Afghanistan’s Karzai in Qatar

Posted: March 31, 2013 by Ellion hossain in News
Tags: , , , , , , , , , , ,
Former Taliban fighters display their weapons after joining Afghan government forces during a ceremony in Herat
Direct talks with the Taliban still face several obstacles

Afghan President Hamid Karzai is in the Gulf state of Qatar on a two-day state visit for talks with the emir, Sheikh Hamad bin Khalifa al-Thani about Taliban.

The possibility of the Taliban opening a political office in Qatar is expected to be discussed, officials say.

The setting up of an office in Qatar is regarded as a key step in formalising a channel for peace talks between the Afghan government and the Taliban.

US-led Western troops are due to leave Afghanistan by the end of 2014.

The Taliban itself has so far refused to talk to Mr Karzai, describing him as an American puppet, although it did hold inconclusive discussions with United States officials last year.
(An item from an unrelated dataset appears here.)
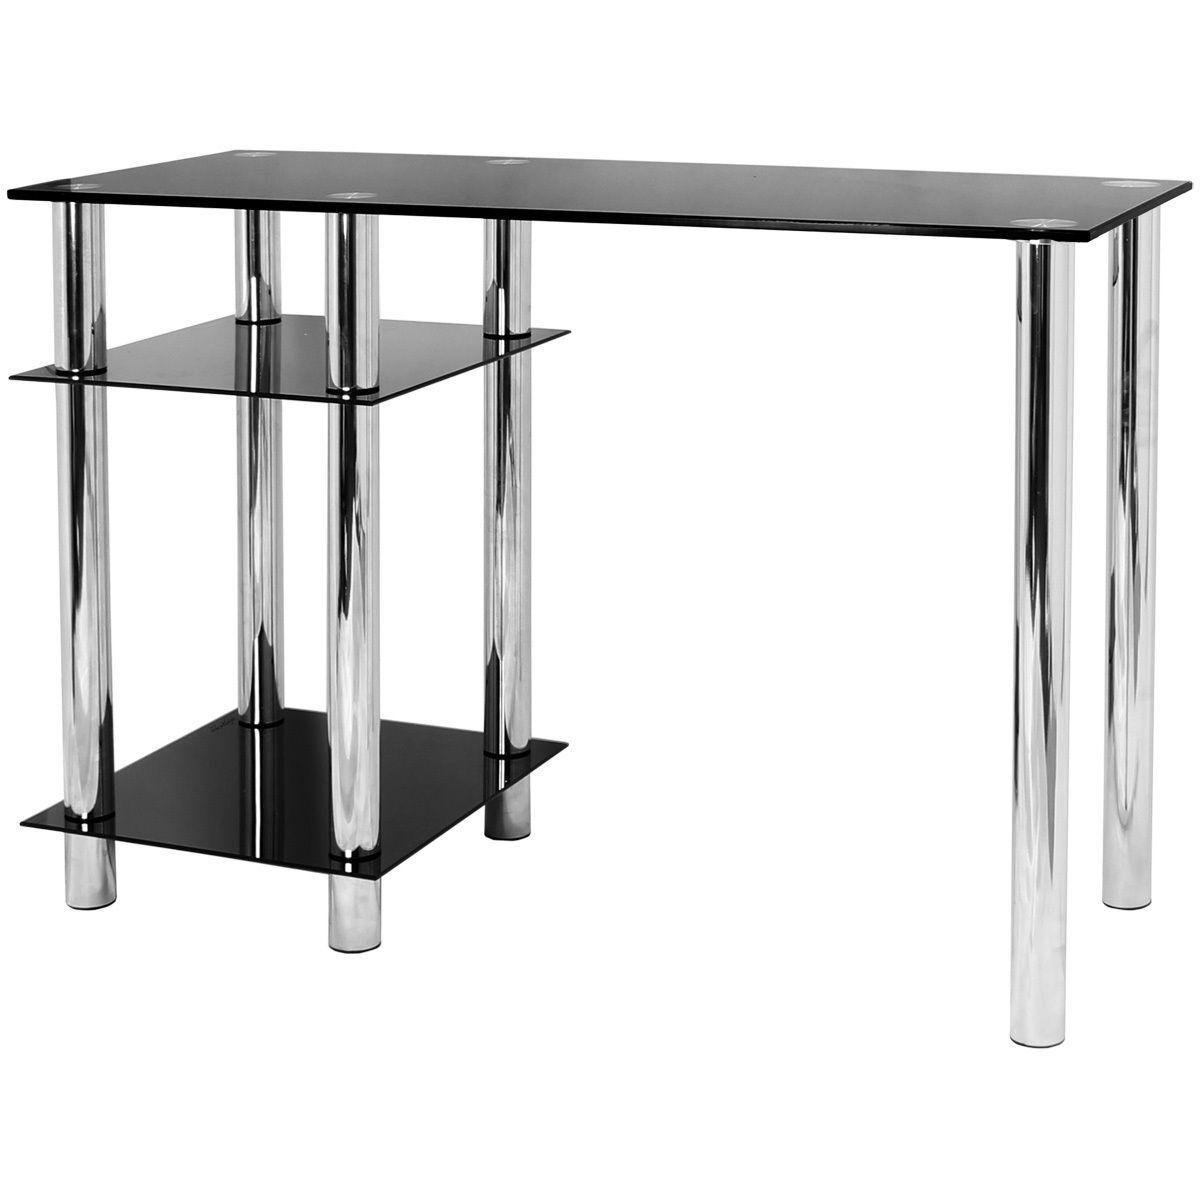 Ikea Schreibtisch Konfigurator 2021

Last month, President Karzai issued an order banning Afghan security forces from calling in foreign air strikes in residential areas, because of heightened tensions about the extent of civilian casualties.

Mr Karzai’s office said the talks in Qatar would focus on bilateral cooperation and on Afghanistan’s peace process.

Last month Mr Karzai and Pakistan’s President Asif Ali Zardari said that they would work towards a peace deal for Afghanistan within six months.

“The opening of the Taliban office in Qatar is not related to Karzai, it is a matter between the Taliban and the Qatar government,” Taliban spokesman Zabihullah Mujahid told the Agence France-Presse news agency.

“Our representatives who are already in Qatar won’t see or talk to him.”

As the Afghan president’s visit began on Saturday, there were reports that two children and nine suspected Taliban militants had been killed in an air strike by international forces close to the south-eastern city of Ghazni.

A Nato spokesman quoted by Reuters news agency said an Afghan police patrol had come under attack and had called in a helicopter for support.